In the updated analysis, we included data up to March 2021 that had been deposited by June 2021. This permitted us to include the entire first and second waves, reducing the effect of differential delays in observing descendants. While the stratification of sublineages on the basis of having any sampled descendants in the previous two months does not entirely adjust for the delay in deposition, it improves our confidence in asserting trends among extinct sublineages. In regards to whether we might observe a decrease in the number of descendants with time if the total number of sublineages is increasing but surveillance does not scale with sublineage richness, this assumes that the testing capacity is surpassed. Until the testing capacity in a given region is reached and surpassed, the proportion of a sublineage’s descendants that are tested and sequenced should remain relatively constant, notwithstanding differences in contact tracing implementation. Although testing capacity was exceeded later in 2021, this did not affect data from the first two waves as much.

“During the first wave, early sublineages had the opportunity to become established and resulted in large transmission chains driving COVID-19 burden, consistent with findings from the UK (du Plessis et al., 2021). However, the second wave was mostly driven by cases from newly seeded sublineages. We accounted for potential confounding due to recent sublineages having been monitored for less time by stratifying sublineages by whether they were active or extinct in the previous two months; and by restricting the data to collection dates three months prior to the data download, we accounted for delay in depositing sequence data for more recent sublineages. Differences remained between early and late sublineages’ evolutionary dynamics in the presence of VOCs with heightened transmissibility and the roll-out of vaccines.”

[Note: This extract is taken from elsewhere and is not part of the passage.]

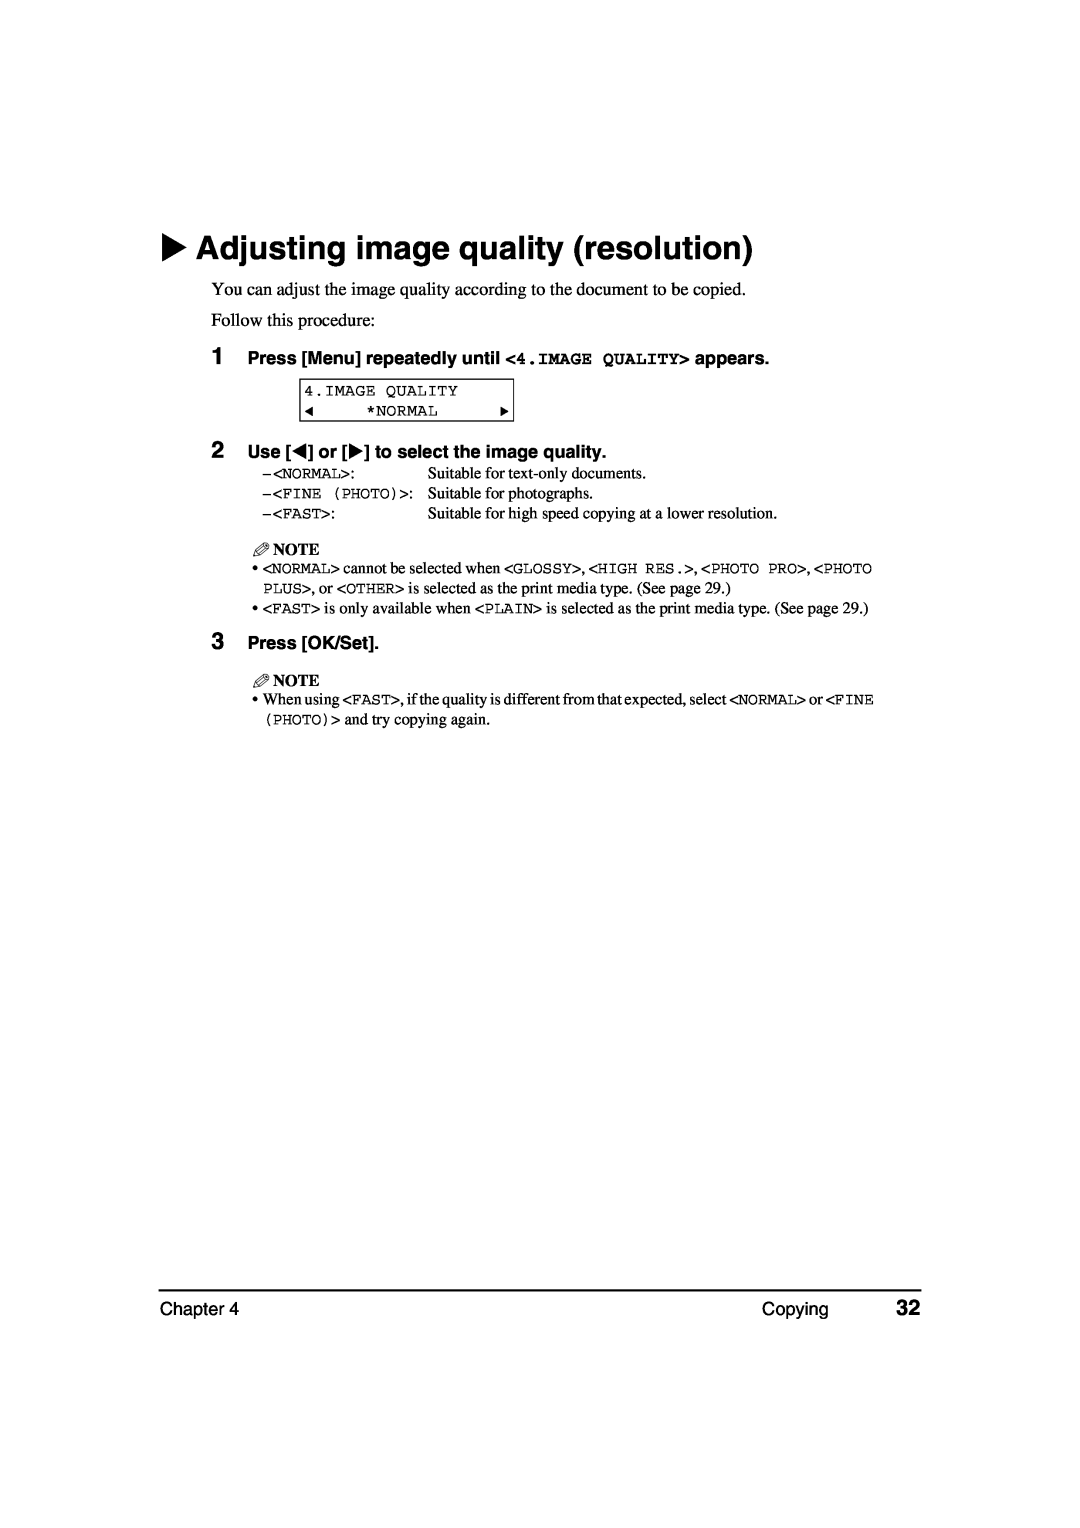 Canon MP360 Adjusting image quality resolution, Press Menu repeatedly until 4.IMAGE QUALITY appears, Press OK/Set, Chapter

4. p. 10, ll. 10-11 (Figure 4D): I think we could see an increase in days since importation over time even if more recently imported lineages were generally more common ("dominant"). The maximum possible age of the oldest lineage is increasing with time. The sentence says this "suggests" that early introductions "increasingly dominated" the epidemic. Maybe it would be easier to demonstrate this through specific examples or a measure of persistence time and a proxy of prevalence.

We agree with the reviewer that this requires clarification and validation. Similar to persistence time or duration of transmission, we have modelled sublineage lifespan, the time period between the TMRCA and last sample date, and stratified sublineages activity based on whether there were any samples in the last two months or if they appear to have gone extinct. By updating the analysis with data available up to 15 June 2021, but only investigating data sampled prior to 1 March, the effect of deposition delay on right truncation was reduced.

5. p. 18, ll. 6-8: "Sequences from individuals with travel history to Iran or Italy before June 2020 were recategorized as having been sampled in the country of travel." Why was this not done for individuals with travel history from other countries?

There were very few Canadian sequences with travel histories available (n=10). Besides sequences associated with Iran or Italy, these included one of each with travel history from Wuhan, Hong Kong, and an international cruise ship. Although we could have re-assigned the state of Canadian sequences with travel history to Wuhan and Hong Kong, the majority of sequences available during January and February 2020 were from China anyways. Furthermore, re-assigning tip state prevents us from identifying these sequences as introductions, so it is only a practice we would recommend for the most severely undersampled countries, which Iran and Italy were during the early pandemic.

Interpretation

1. Abstract: "Rapid implementation of stringent border controls and quarantine could have diminished the Canadian COVID-19 burden by curtailing the spread of early introductions." I question how much stringent border controls, unless defined very severely as prohibiting the introduction of, e.g., more than ten lineages, could have diminished the COVID-19 burden. Once any lineage is established and transmitting in the community, additional introductions have negligible impact on prevalence or the "final size" of an epidemic. Quarantine, by reducing the effective reproductive number, can reduce burden. I worry that lack of precision on the impact of introductions on burden can lead to the sort of knee-jerk travel bans we see with Omicron.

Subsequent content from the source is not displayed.